Comment 1 Florian Weimer 2016-08-25 12:06:23 UTC
Does the corruption only happen during the glibc update, or does it persist after the update?

Comment 2 Kamil Páral 2016-08-25 12:09:05 UTC
(In reply to Florian Weimer from comment #1)
> Does the corruption only happen during the glibc update, or does it persist
> after the update?

Just during the update (until you reboot or maybe fix it by switching VTs). After reboot, everything is fine.

I reproduced this on X11 as well, so this is not a wayland problem. Also, with X11 (with my limited 1 attempt), I was not able to get rid of the corruption by switching VTs.

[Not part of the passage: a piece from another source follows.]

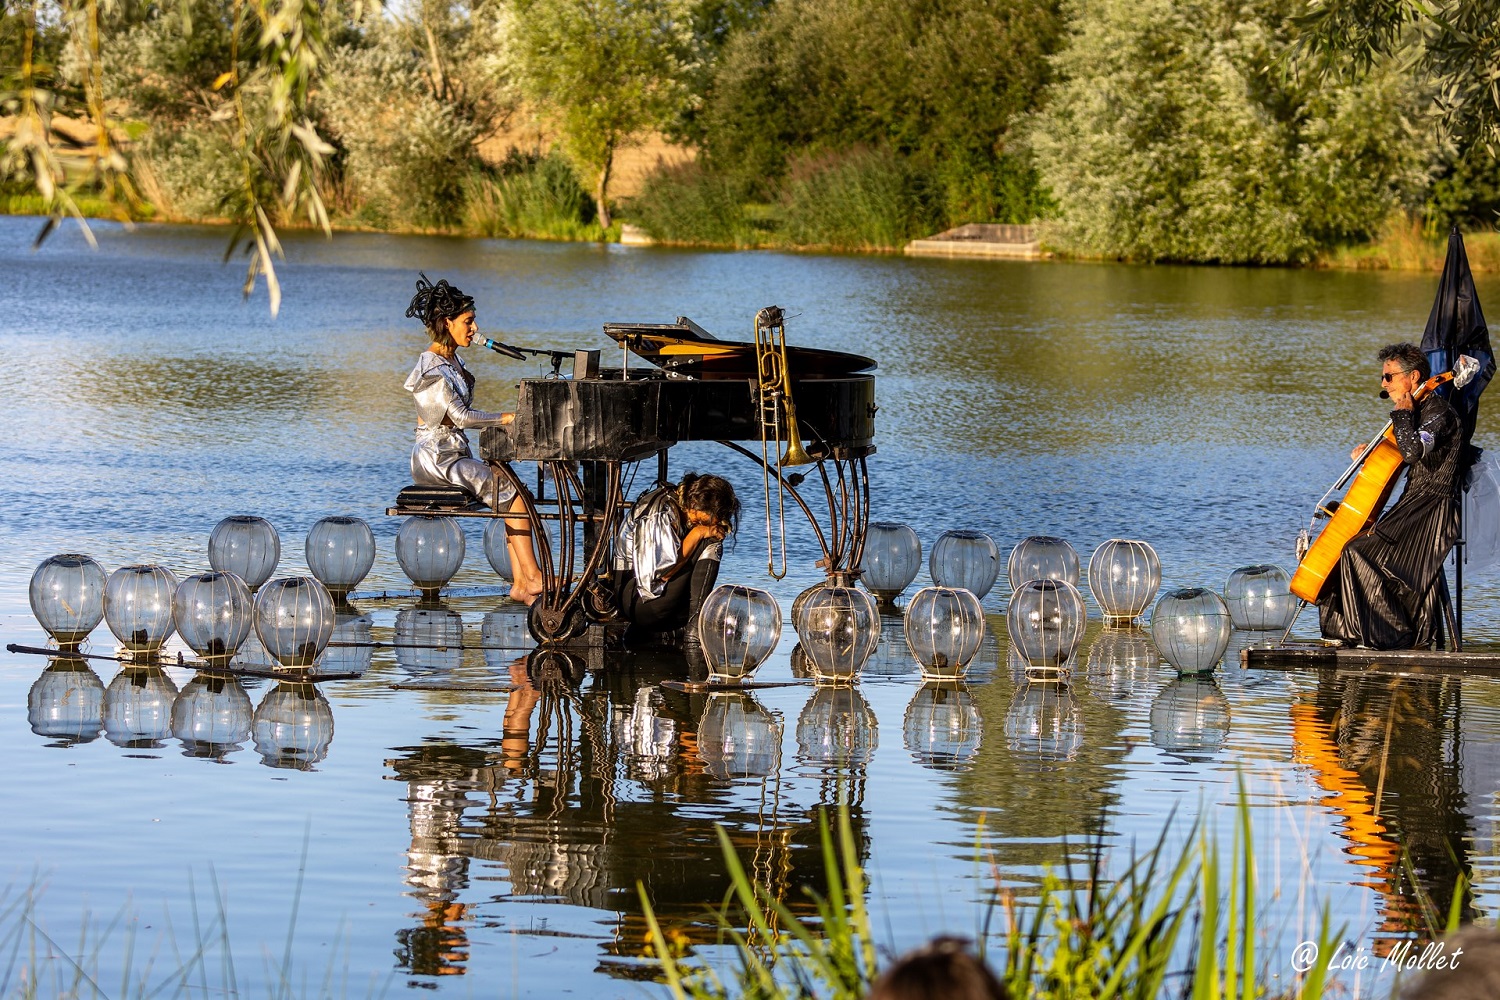 Le pianO du lac, concierto flotante en la Sierra Norte de Madrid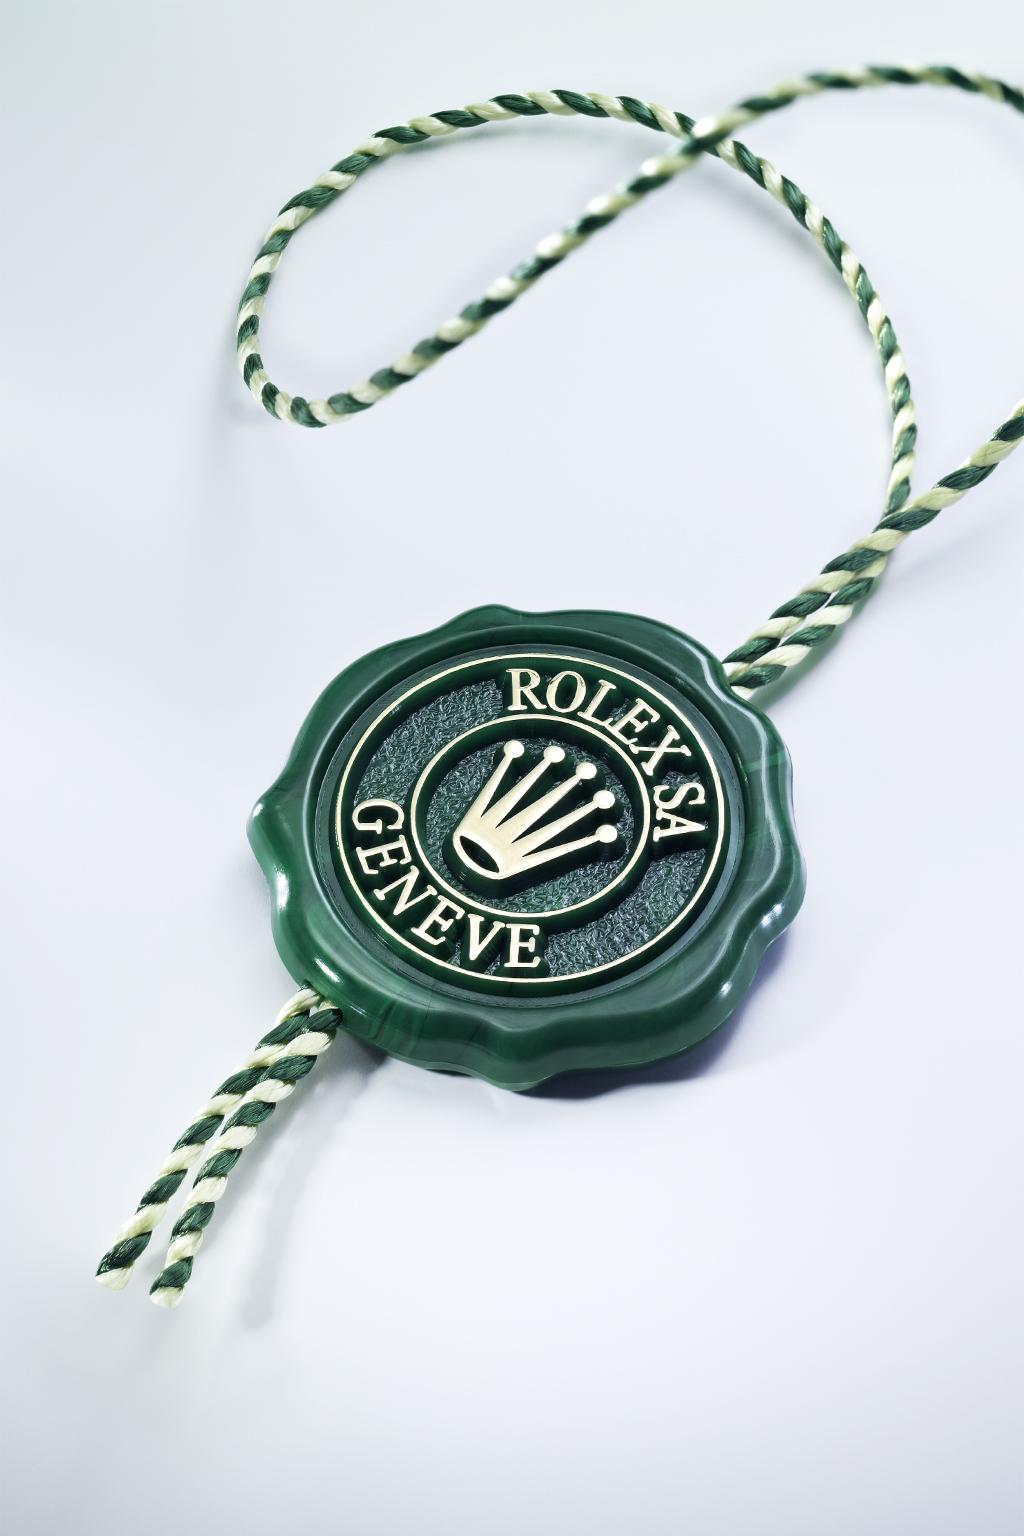 Fitur KRONOMETER SUPERLATIF Segel hijau yang menyertai setiap jam tangan Rolex adalah simbol statusnya sebagai Kronometer Superlatif.

Comment 3 Florian Weimer 2016-08-25 12:39:08 UTC
(In reply to Kamil Páral from comment #2)
> (In reply to Florian Weimer from comment #1)
> > Does the corruption only happen during the glibc update, or does it persist
> > after the update?
> 
> Just during the update (until you reboot or maybe fix it by switching VTs).
> After reboot, everything is fine.
> 
> I reproduced this on X11 as well, so this is not a wayland problem. Also,
> with X11 (with my limited 1 attempt), I was not able to get rid of the
> corruption by switching VTs.

The display stack is not restarted while the glibc update is running, and it keeps using the previous glibc version/  So the glibc update itself can hardly be the cause of this issue.  It just happens to trigger it.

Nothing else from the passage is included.